Extended means "your info here" - I gave some examples from my deployment.

> What is a requestor_id ?  I might expect the name of the person who ran the
> test, but you list an INT here.

Typo, should be str

...snip... - Extended is optional, so is advanced

> Vicki came up with "test configuration attributes" to store information
> gathered by examining the environment.  We don't have a single configuration
> file, and we potentially have lots of things we might gather information
> about.  I don't plan for the reporting system to do anything more than pass
> the information to the user, though.

Yeah - me too, but I'd add that to extended and additional on my deployment

>
> Some things that I would add to this record format:
>
> - I run the same test on the same software in multiple test environments.
>  (Linux vs Solaris, Python 2.5 vs 2.6, etc)  I need a way to identify a set
> of results from the same test in all the different environments.  In
> pandokia, I called this test_run, which is a name that I explicitly assign
> to a group of related tests.  I suspect this is kind of like the job_id,
> except that I would not expect a field named "job_id" that is a "UUID" to
> have the same value on multiple machines.

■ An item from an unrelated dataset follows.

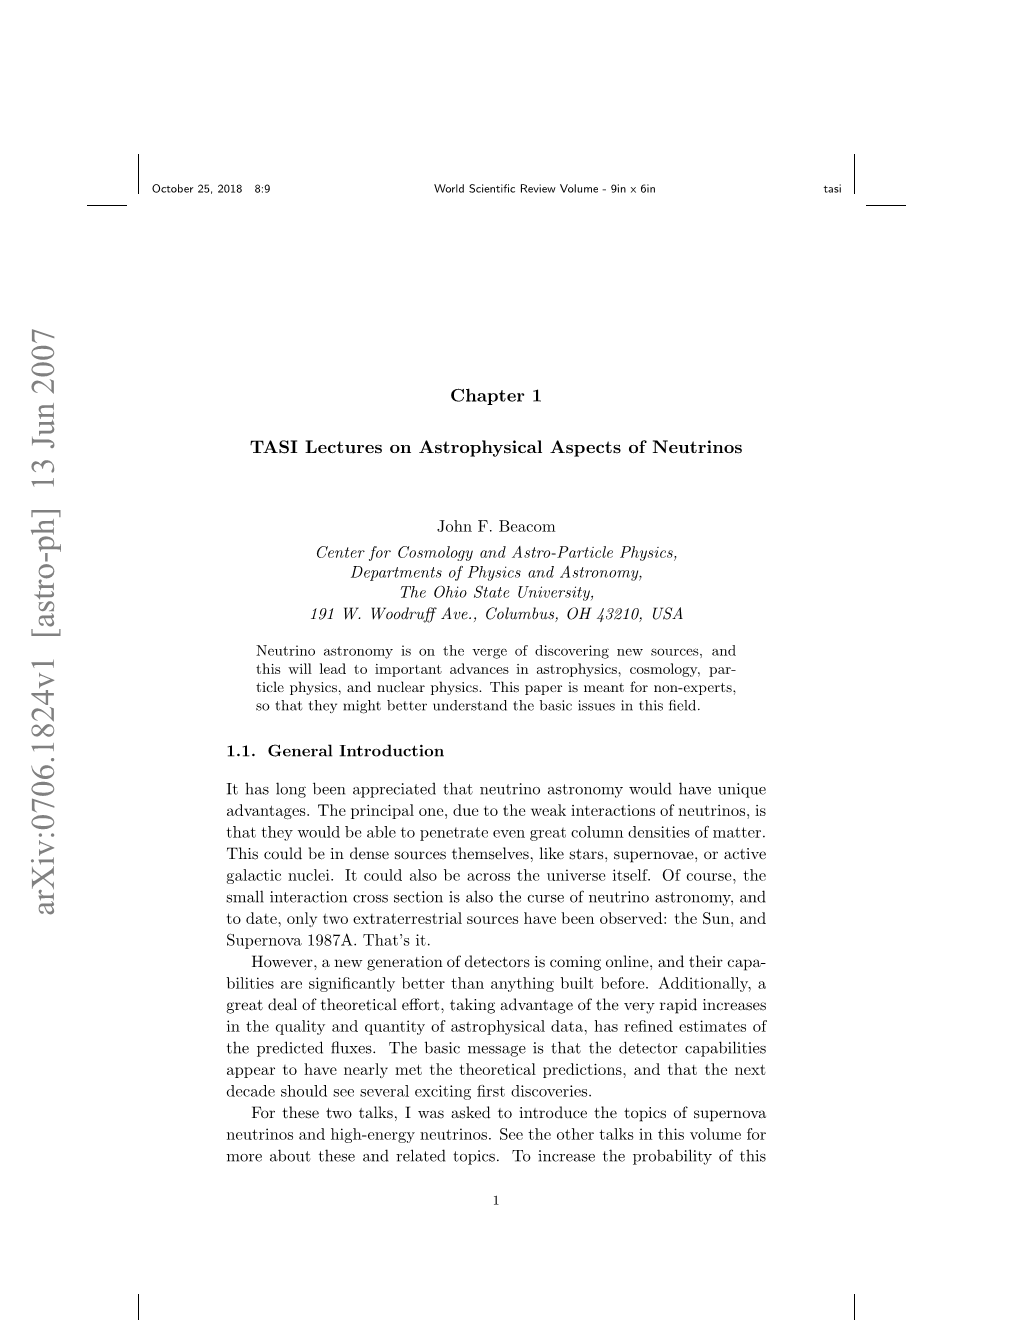 TASI Lectures on Astrophysical Aspects of Neutrinos 3
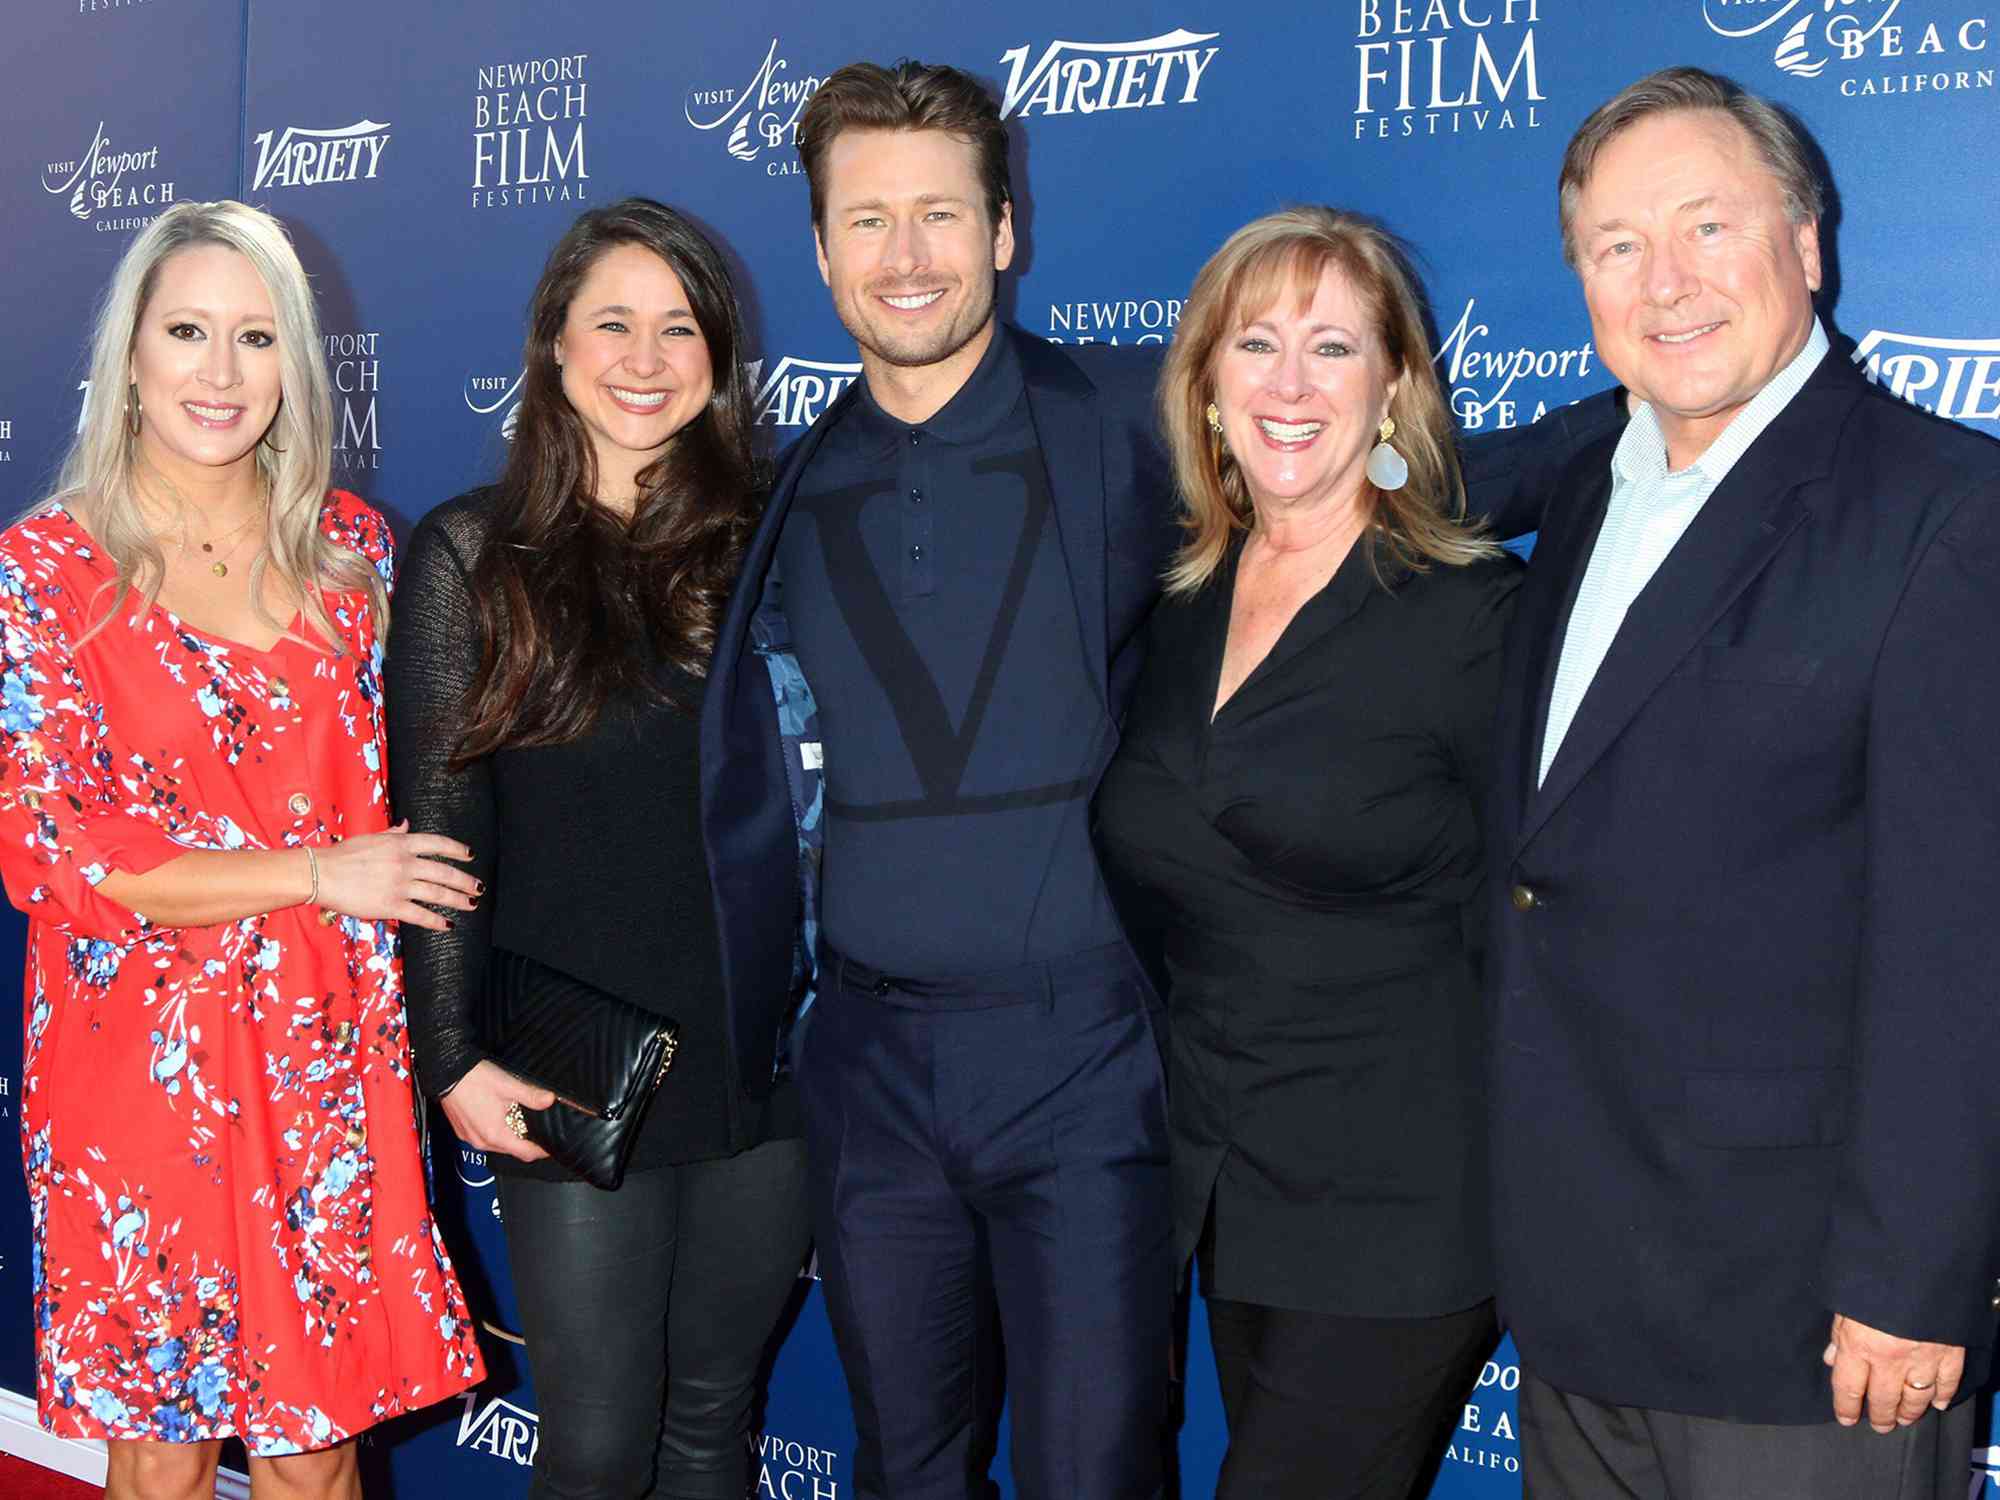 Glen Powell and his family at the Newport Beach Film Festival Honors Featuring Variety 10 Actors To Watch on November 3, 2019.

Let's change UUID to String, it can be an arbitrary name which works
for the user

> - I want a single reporting system that processes data from largely
> unrelated projects.  To do that, the report file must identify which project
> it came from.

project_id?

> - I have a "location" which is vaguely defined as "a string that contains
> information to help a human find this test definition".  This is kind of
> like artifacts_uri

I'd say that goes in the "additional" field of the test name - in my
case it's an SVN URI

> I think a lot of the fields you define could be optional.  I only explicitly
> mentioned the times, but I think lots of the others could too.  In fact, we
> could probably do better by listing the fields that are _not_ optional.
>  What do you think?

That argument could go both ways. In my case, I'd define *a lot more*
- but I could see someone else defining less than 50% - as long as the
parser is resilient to this - for example, doing intelligent merging
with what it considers the "complete" record:

pseudo code:

complete_record = "path to protocol template"
this_result = "some result JSON"
our_record = complete_record.update(this_result)

jesse